Position 1173 is the last nucleotide of exon 7 and, of course, position 1174 is the first nucleotide of exon 8. Hence, position 1174+1 does not exist. The description is invalid in that the insertion point is not between two adjacent nucleotides and the latter position is also invalid.

Descriptions errors of this type ought to be more elegantly handled.

Peter-J-Freeman commented 1 year ago

@leicray.

OK, there is more than one issue with the description.

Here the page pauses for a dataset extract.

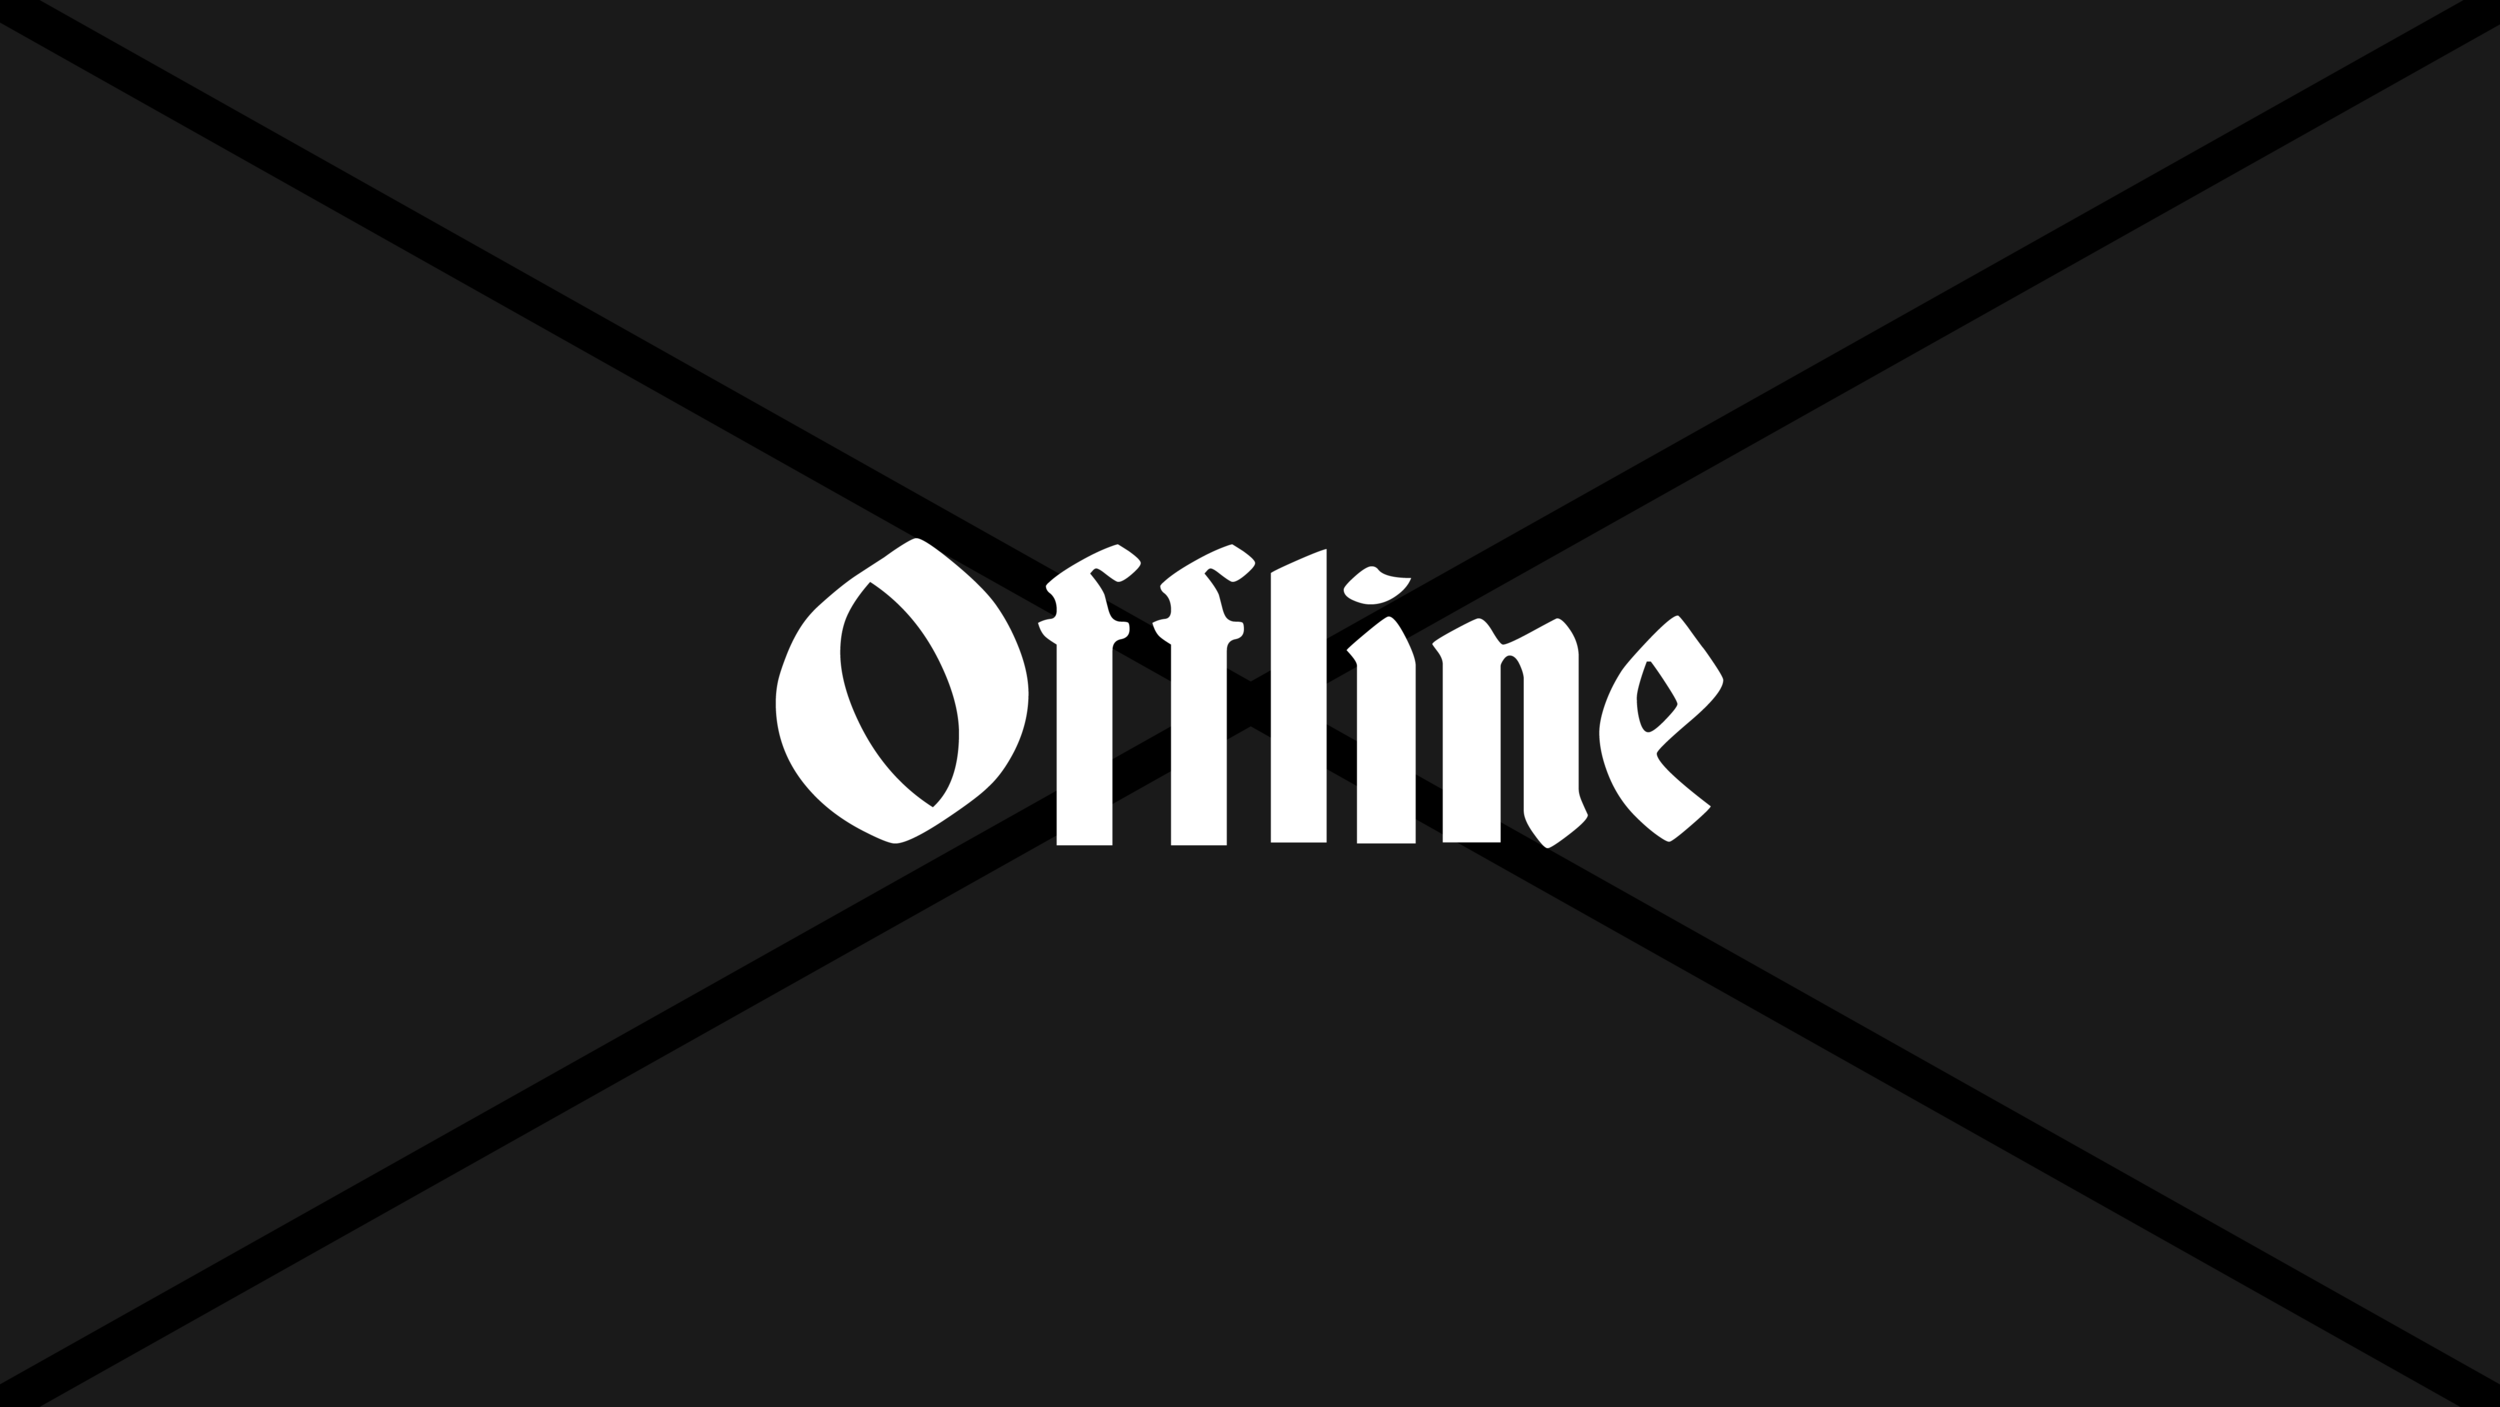 Madknight64_Branding_VG_Offline.png
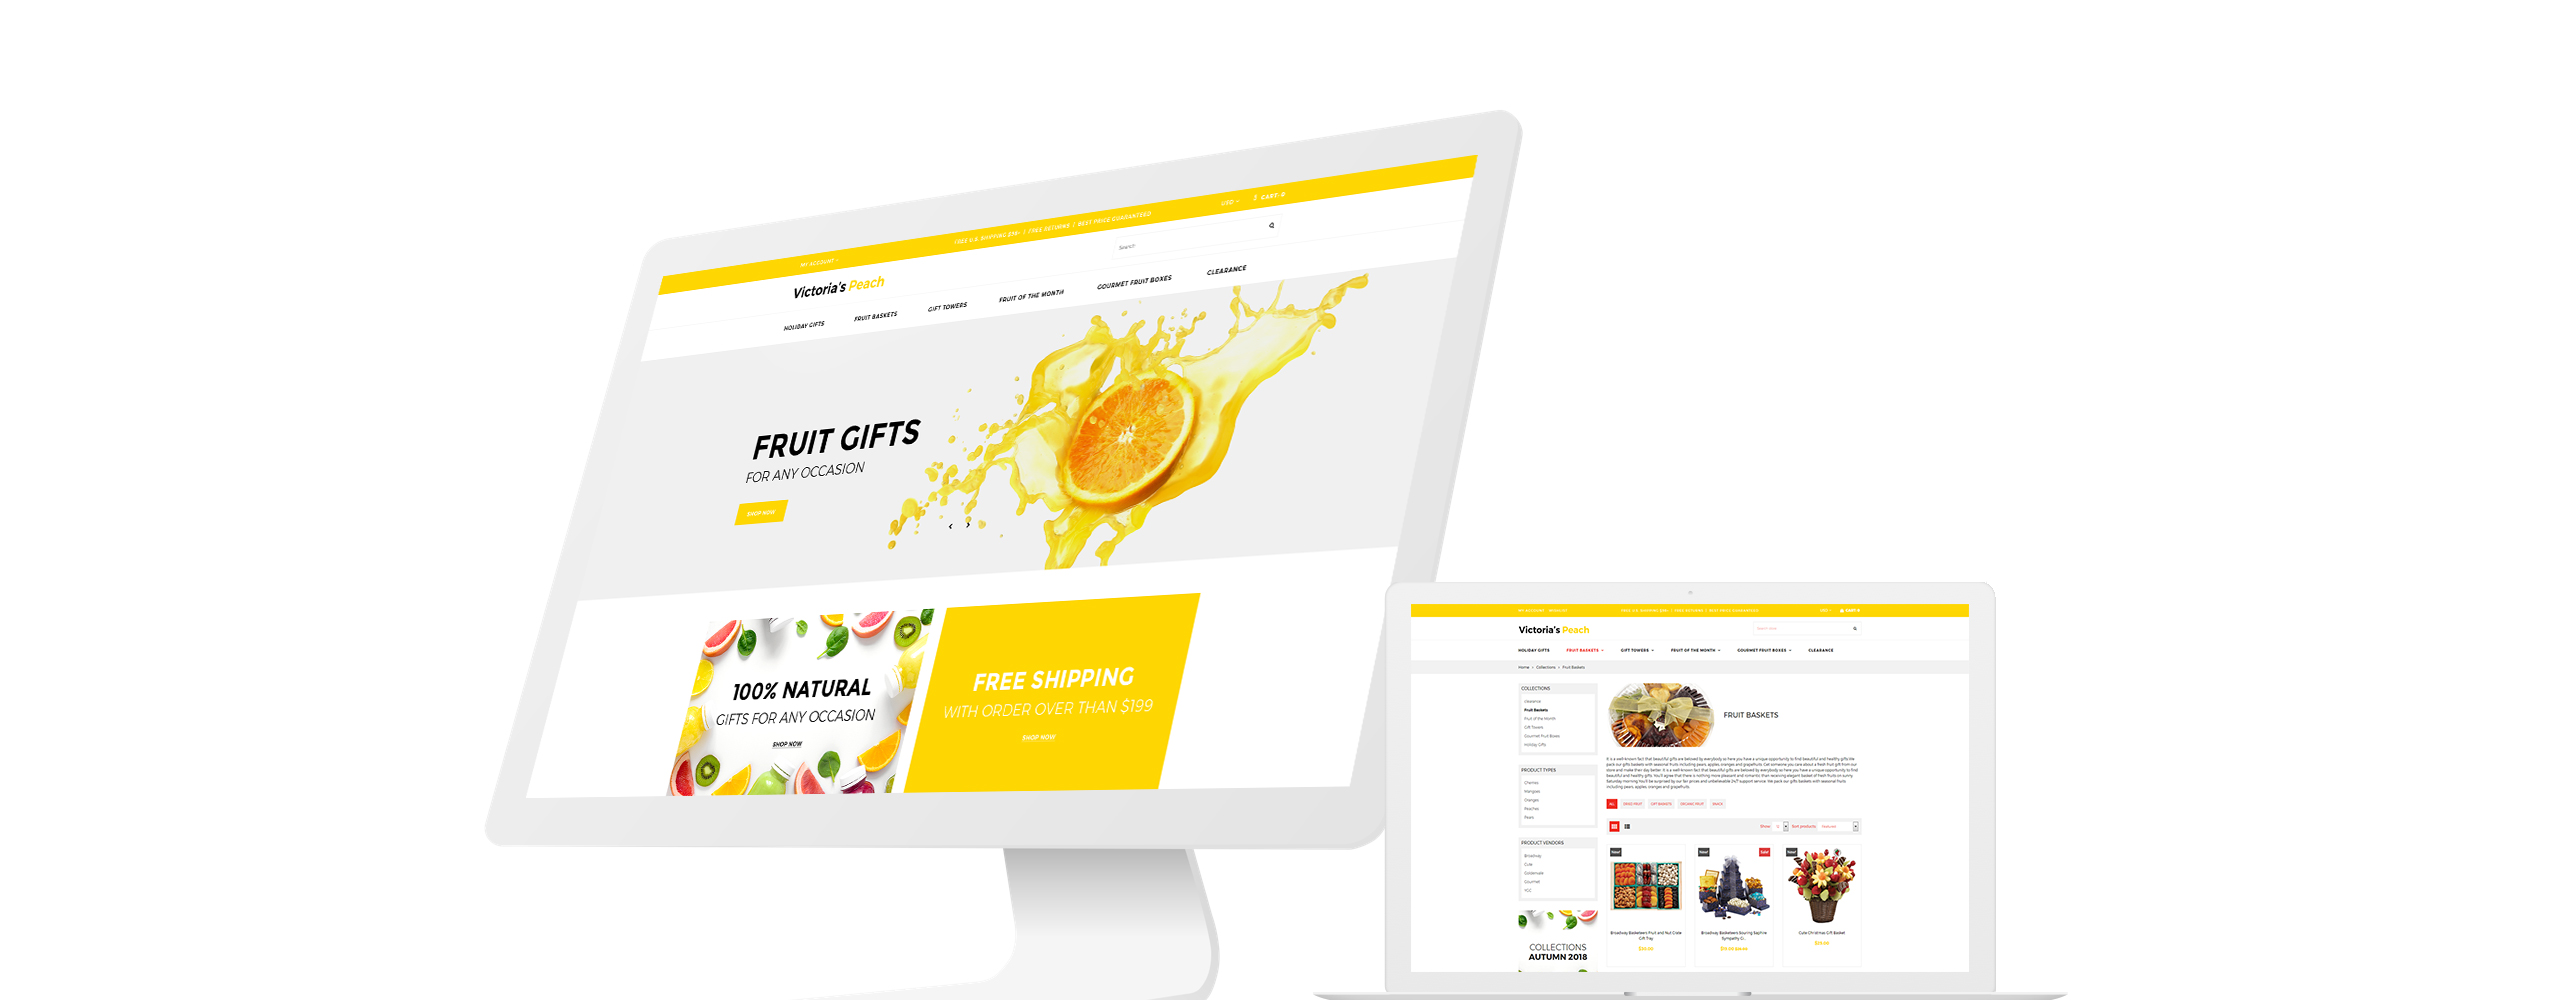 Website Design Template 71026 - sweets souvenir store

I have added a quick bug fix and the first warning we will generate is

GRCh38 mapping

"validation_warnings": [ "insertion length must be 1" ],

For NM_207122.2:c.1173_1174+1insAT, the insertion length is 2 bases.

I also tested NM_207122.2:c.1174_1174+1insAT

Validates and is not spotting that the 1174+1 is not a valid position. This needs to be corrected first.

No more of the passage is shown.